Informacoes sobre ordens
| Nome do Produto | Numero de Catalogo | UNID | Preco | Qde | FAVORITOS | |
NDH II Plasmídeo duplo de Nickase (h) | sc-402757-NIC | 20 µg | $410.00 | |||
NDH II Plasmídeo duplo de Nickase (h2) | sc-402757-NIC-2 | 20 µg | $410.00 |
DHX9 codifica a NDH II, uma helicase multifuncional DExH-box dependente de ATP, que se liga a DNA e RNA para remodelar estruturas de ácidos nucleicos durante a transcrição, o processamento de RNA e a manutenção do genoma. A NDH II participa na vigilância e resolução de R-loops, apoia a progressão da forquilha de replicação e interage com vias de resposta a danos no DNA, incluindo mecanismos acoplados à recombinação homóloga e à sinalização de checkpoints. Pelas suas funções na coordenação entre transcrição e metabolismo de RNA e na preservação da estabilidade genómica, DHX9 é frequentemente investigado em estudos sobre respostas ao stress e desregulação da homeostase de híbridos RNA–DNA. Alterações na atividade de DHX9 têm sido associadas a programas de splicing aberrantes e a fenótipos de instabilidade cromossómica, relevantes para investigação mecanística em biologia do cancro e no stress genómico associado à neurodegeneração.

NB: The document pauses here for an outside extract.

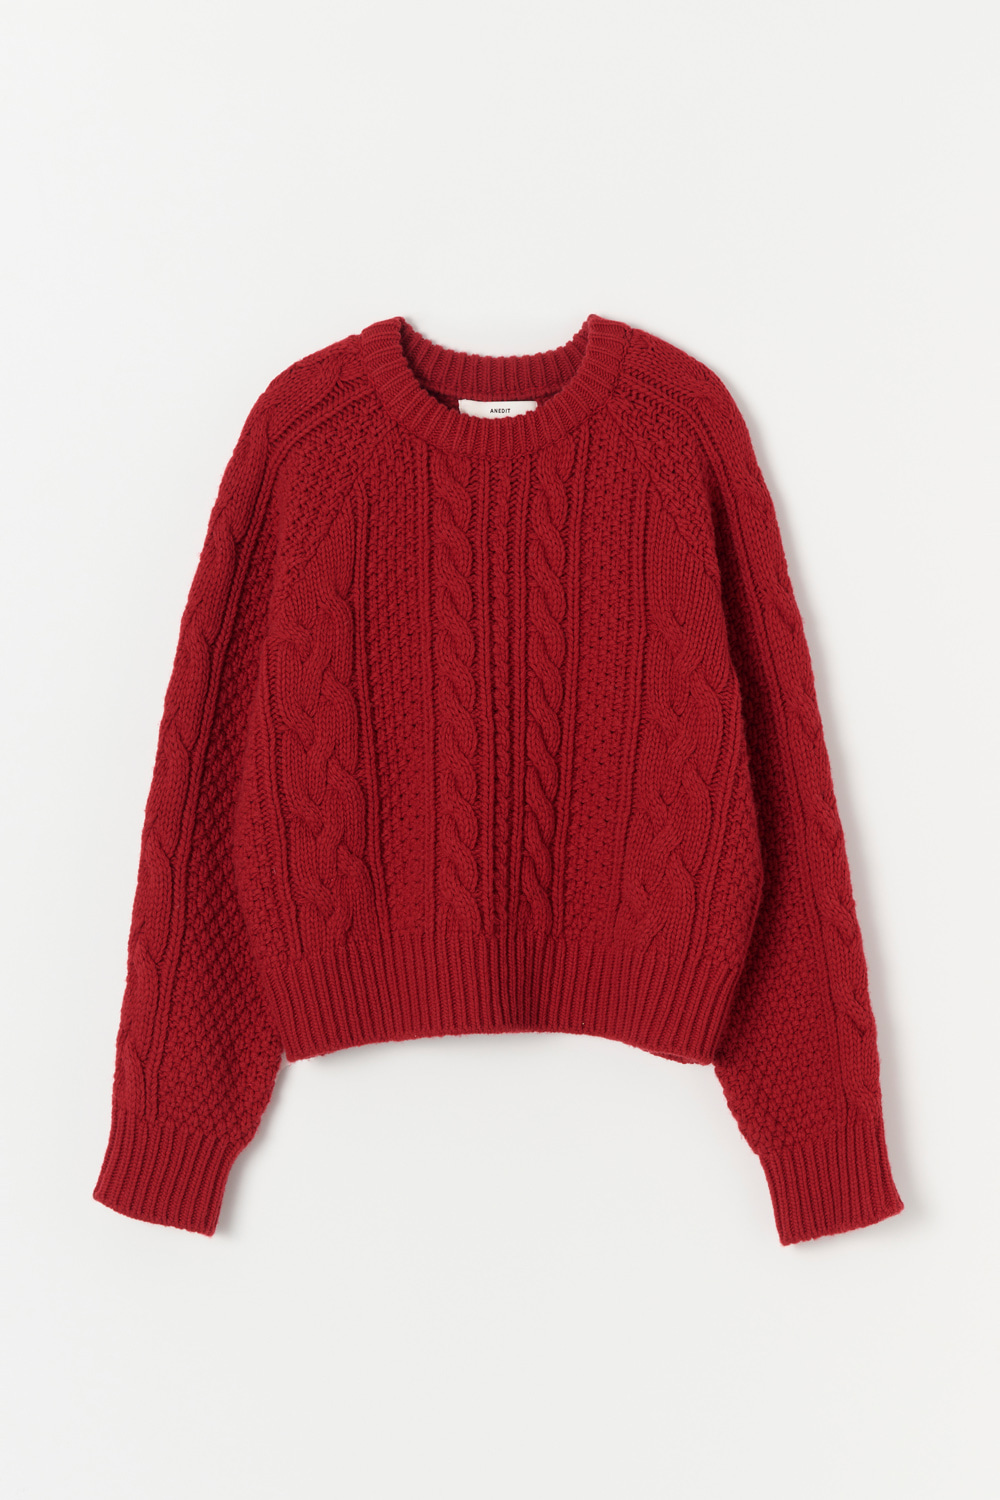 B Sophia Wool Cable Knit_Bohemian Red

NDH II O Plasmídeo de Nickase Dupla (h) consiste num par de plasmídeos combinados, concebidos para a edição de alta especificidade do locus DHX9 em linhas celulares human. Cada plasmídeo expressa uma nickase Cas9 D10A e um sgRNA distinto que tem como alvo cadeias de ADN opostas dentro de DHX9. Quando direcionadas para locais adjacentes em cadeias de ADN opostas, as duas nickases geram cortes deslocados numa única cadeia que, em conjunto, produzem uma quebra escalonada de cadeia dupla, exigindo uma atividade coordenada no alvo por parte de ambas as guias. A quebra de ADN resultante é resolvida por vias de reparação celular endógenas, mais frequentemente através da junção de extremidades não homólogas (NHEJ), levando a inserções ou deleções que perturbam a função DHX9. Ao exigir o envolvimento de dois sgRNA no locus alvo, a abordagem de dupla nickase aumenta a especificidade da edição e fornece uma estratégia CRISPR complementar para aplicações em que se deseja um controlo adicional sobre a precisão do direcionamento.
Para apoiar a identificação eficiente das células editadas, um plasmídeo codifica GFP para visualização fluorescente das populações transfectadas, enquanto o plasmídeo complementar transporta um gene de resistência à puromicina para seleção antibiótica. Em conjunto, estas características apoiam o enriquecimento eficiente das populações co-transfectadas e simplificam a validação dos clones com DHX9 interrompido.
Apenas para uso em investigação. Não se destina a uso diagnóstico ou terapêutico.